══ Information ══

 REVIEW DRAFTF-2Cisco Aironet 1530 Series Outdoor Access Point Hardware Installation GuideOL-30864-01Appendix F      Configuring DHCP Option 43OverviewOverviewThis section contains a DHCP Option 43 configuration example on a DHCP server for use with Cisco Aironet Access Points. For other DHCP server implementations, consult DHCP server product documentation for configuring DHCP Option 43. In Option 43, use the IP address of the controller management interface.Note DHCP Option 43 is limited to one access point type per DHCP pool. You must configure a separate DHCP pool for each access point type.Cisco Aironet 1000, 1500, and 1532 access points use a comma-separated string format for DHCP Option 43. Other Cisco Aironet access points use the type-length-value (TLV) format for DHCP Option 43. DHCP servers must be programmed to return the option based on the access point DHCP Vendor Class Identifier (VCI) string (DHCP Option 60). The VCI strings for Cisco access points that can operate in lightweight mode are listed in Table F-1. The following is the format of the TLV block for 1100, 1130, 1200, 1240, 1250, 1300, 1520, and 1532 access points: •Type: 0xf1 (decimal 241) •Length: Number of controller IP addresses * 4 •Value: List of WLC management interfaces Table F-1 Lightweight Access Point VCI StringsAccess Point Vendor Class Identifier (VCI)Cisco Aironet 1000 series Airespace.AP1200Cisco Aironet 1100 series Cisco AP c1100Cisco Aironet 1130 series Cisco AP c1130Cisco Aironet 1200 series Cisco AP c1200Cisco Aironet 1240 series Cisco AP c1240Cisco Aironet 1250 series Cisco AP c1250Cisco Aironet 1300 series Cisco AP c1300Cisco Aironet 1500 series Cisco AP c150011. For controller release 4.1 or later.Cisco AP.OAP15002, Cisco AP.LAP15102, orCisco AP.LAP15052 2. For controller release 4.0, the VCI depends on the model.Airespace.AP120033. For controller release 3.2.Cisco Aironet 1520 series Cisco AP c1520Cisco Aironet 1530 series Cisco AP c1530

═══
══ Information ══

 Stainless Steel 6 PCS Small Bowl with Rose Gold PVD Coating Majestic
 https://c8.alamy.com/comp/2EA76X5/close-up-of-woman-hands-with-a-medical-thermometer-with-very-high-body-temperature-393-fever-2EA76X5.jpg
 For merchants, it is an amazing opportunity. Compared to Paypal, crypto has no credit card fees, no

═══
══ Information ══

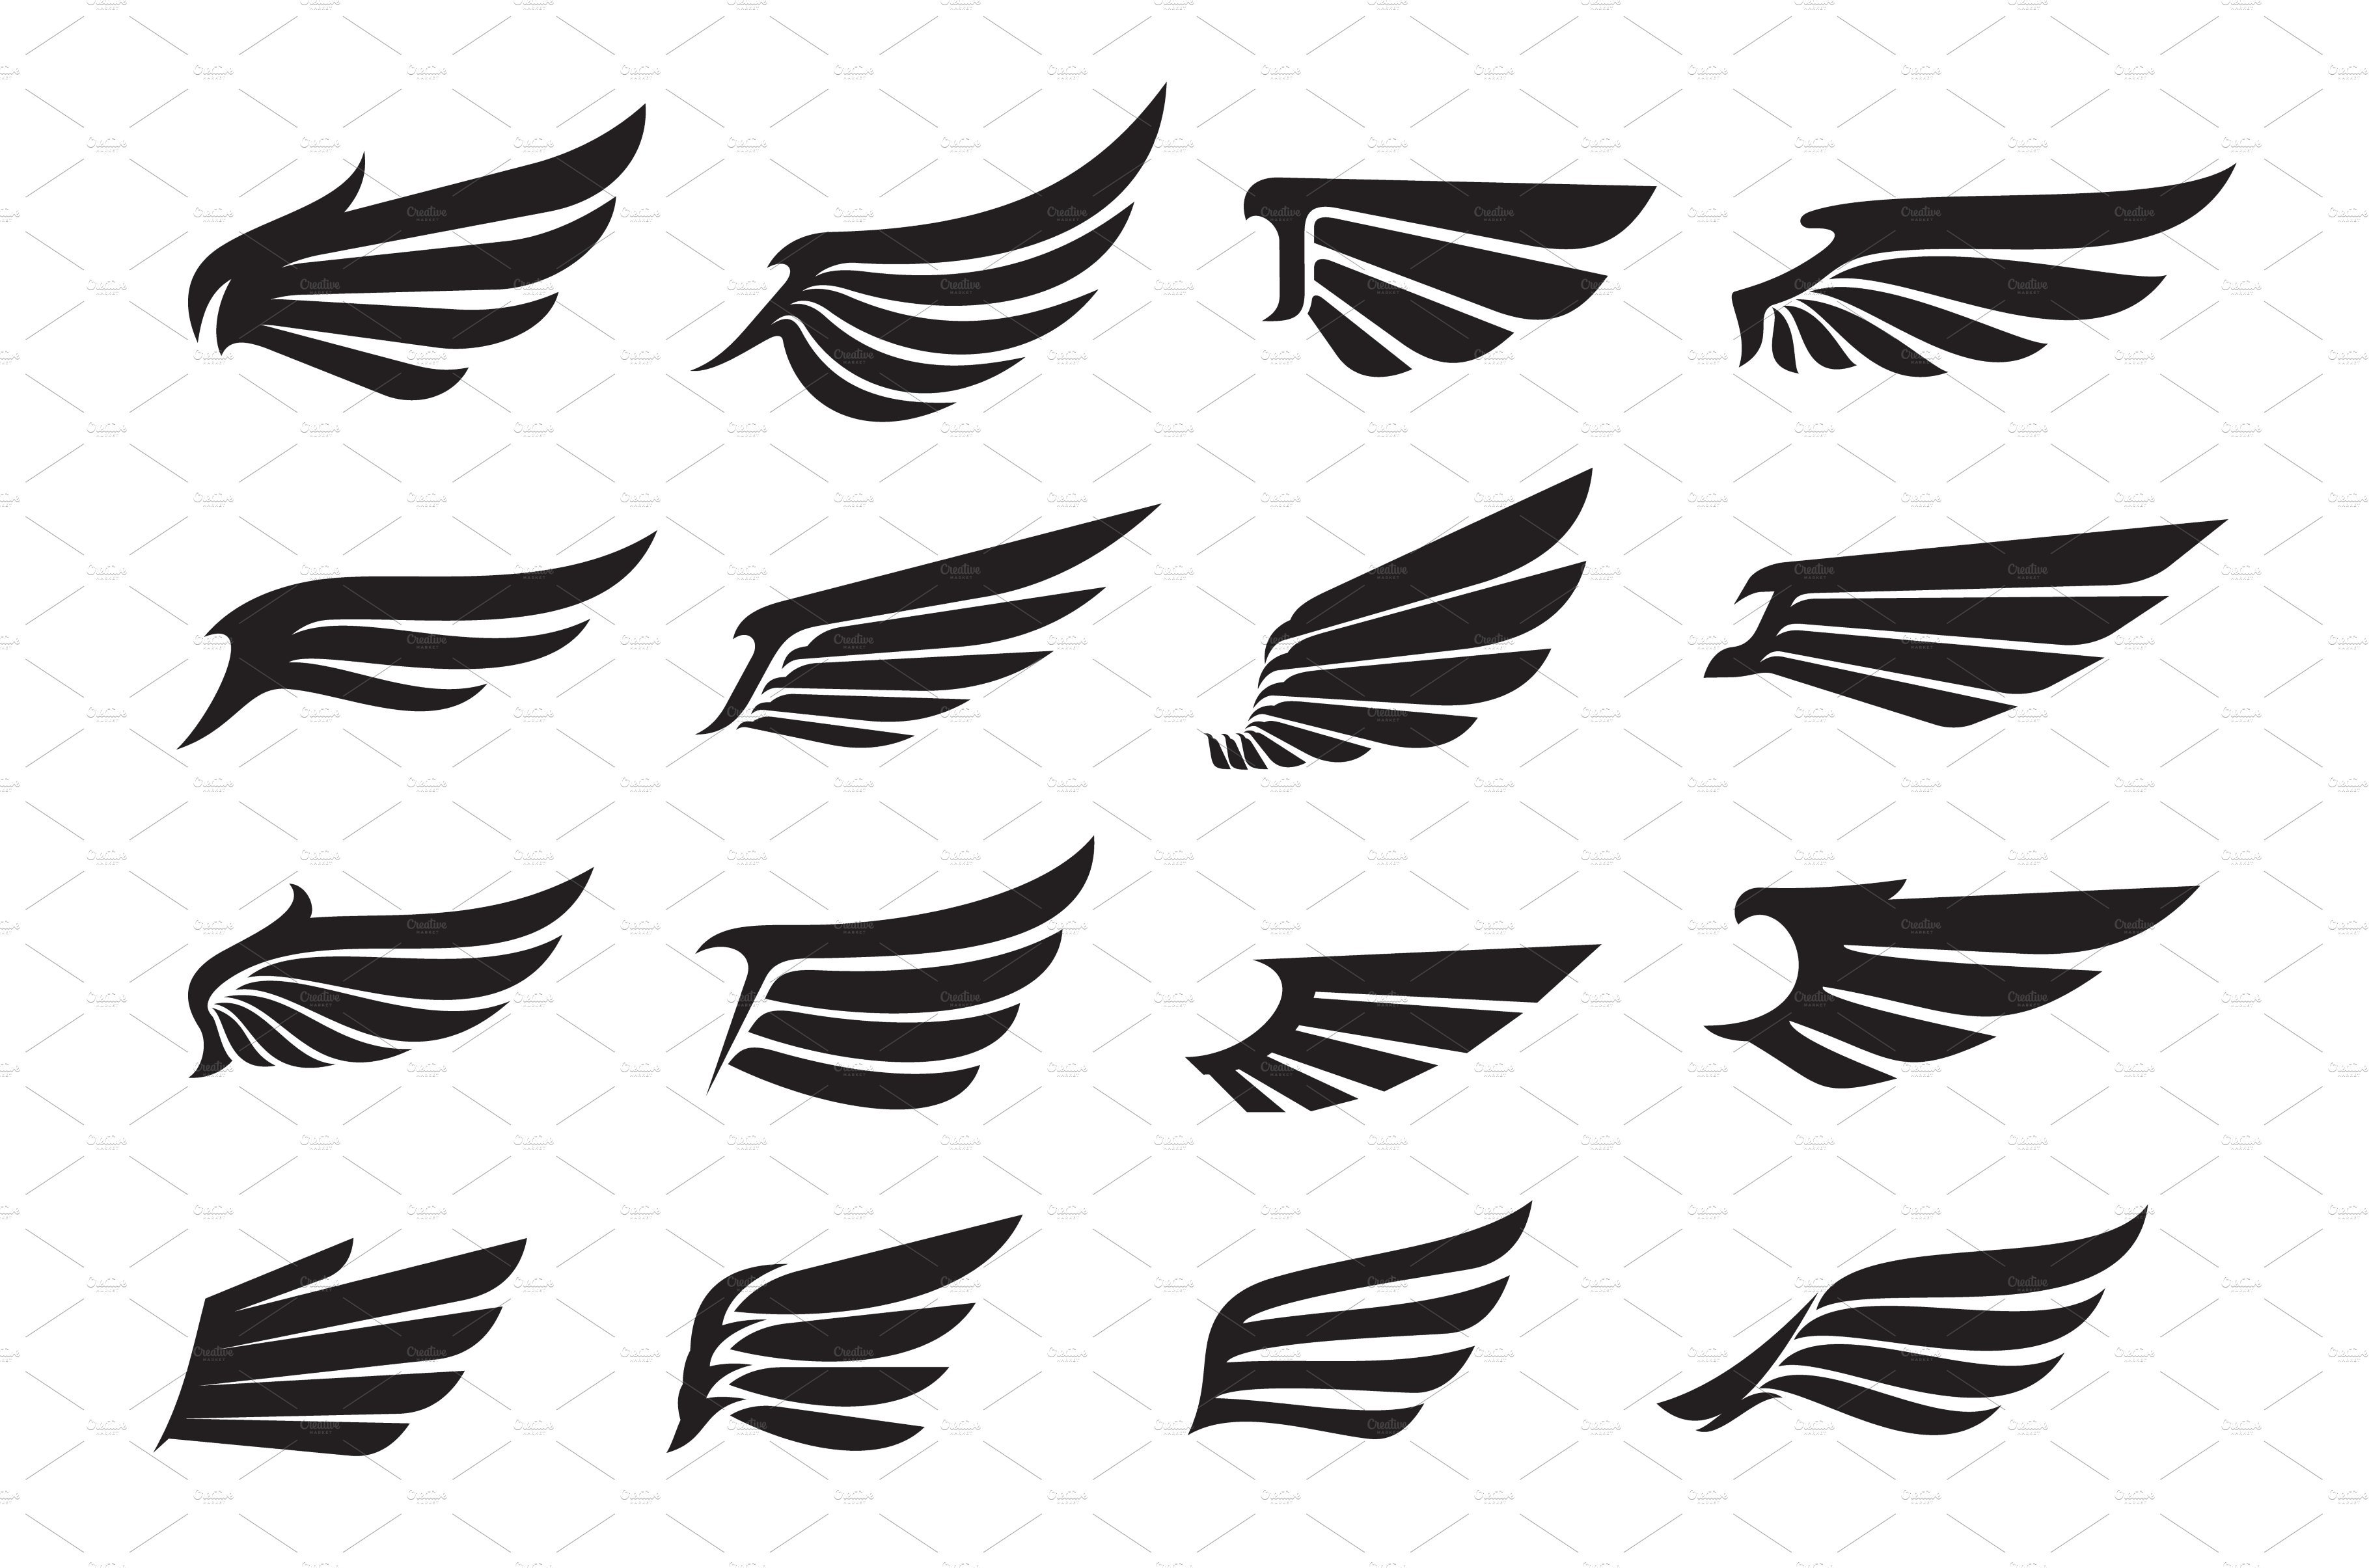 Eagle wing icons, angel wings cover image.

═══

● Work order: Retype the entries above exactly, but only from the line containing "Stainless Steel 6" through the line containing "For merchants, it", both included.

● Exercise response:
 Stainless Steel 6 PCS Small Bowl with Rose Gold PVD Coating Majestic
 https://c8.alamy.com/comp/2EA76X5/close-up-of-woman-hands-with-a-medical-thermometer-with-very-high-body-temperature-393-fever-2EA76X5.jpg
 For merchants, it is an amazing opportunity. Compared to Paypal, crypto has no credit card fees, no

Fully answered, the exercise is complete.